The approach of using an LLM router which routes between a smaller, easier-to-self-host LLM and a first-class, third-party service allows companies to have their cake and eat it too. Requests that require top performance can be routed to the third-party service, while requests that are less performance-critical can be routed to the self-hosted LLM. In particular, the multitude of requests initiated by agentic AI systems can be initially handled by the self-hosted LLM with its fixed cost structure, only resorting to third-party services when the smaller LLM is not up to the task, or once the task has been fully refined through trial and error.

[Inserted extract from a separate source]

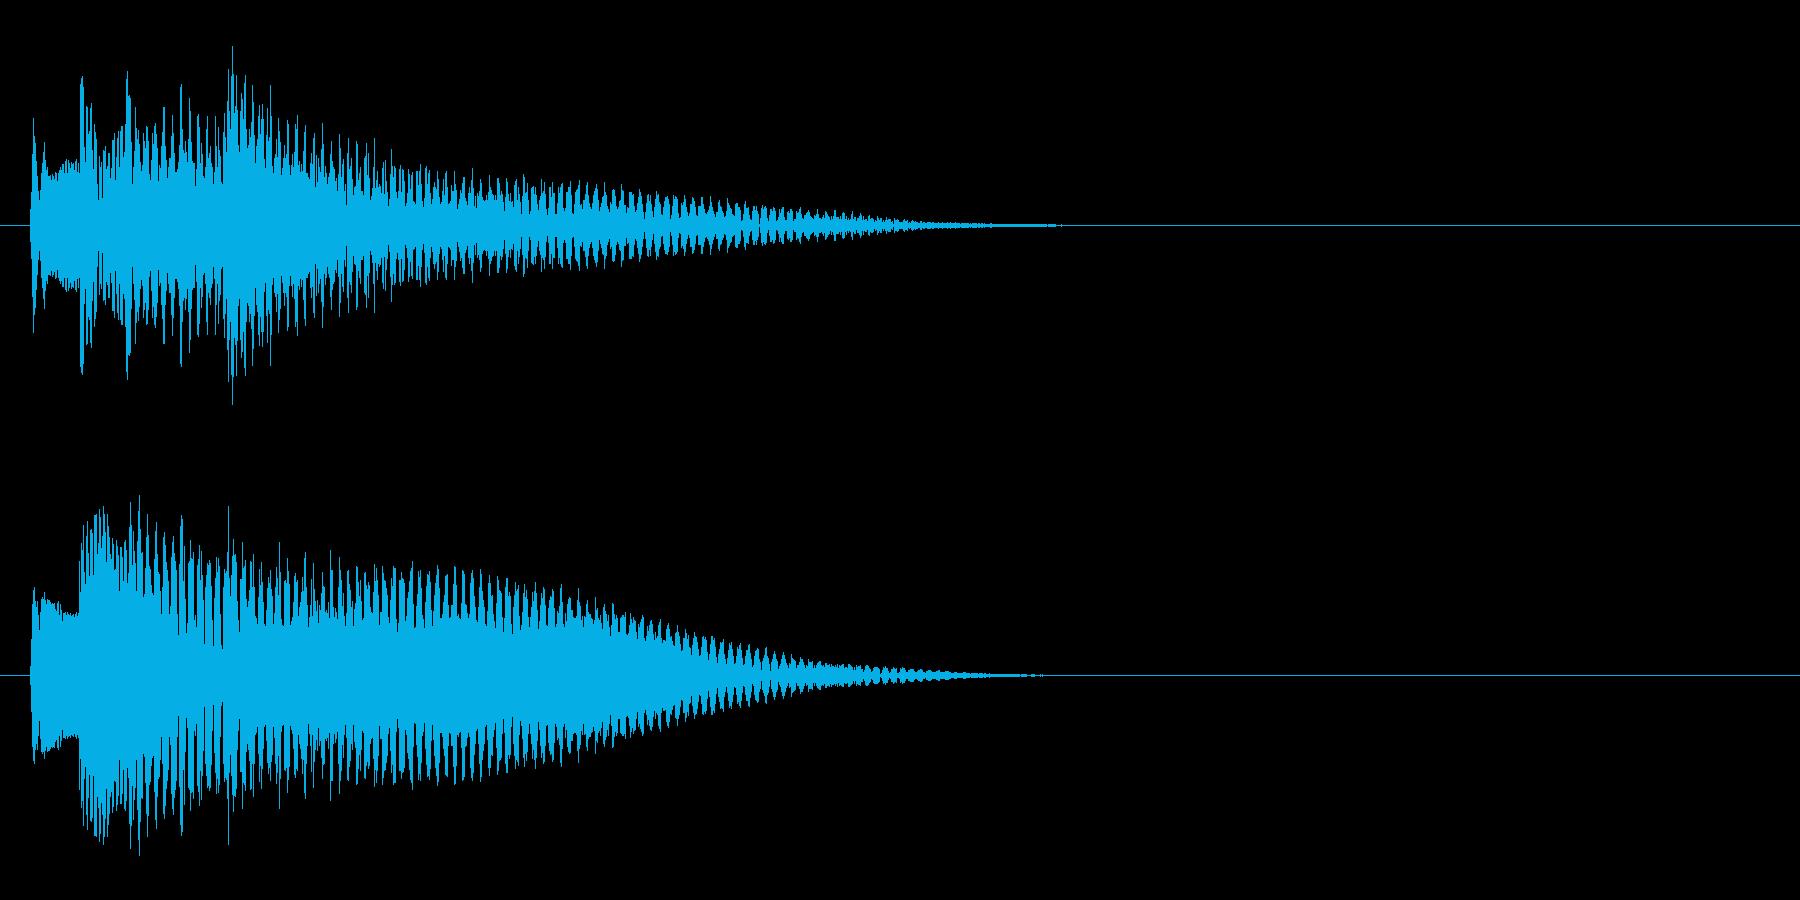 王道RPG3 スタート音 豪華決定音の再生済みの波形

This is a highly ergonomic approach for users, with predictable and manageable economic characteristics.
Caveat Promptor
The economics and ergonomics of LLM-based AI systems are an important and under-discussed element of the current technological revolution. The expensive nature of first-class LLMs makes enterprise adoption at scale - particularly of agentic AI - a somewhat risky business. Fortunately, as we have seen time and time again, where technology creates a problem, the solution is usually more technology. LLM routers, open source, self-hosting, and other software-centric approaches to managing these systems are emerging rapidly. As usual, those companies that lean into these trends will reap the greatest benefits.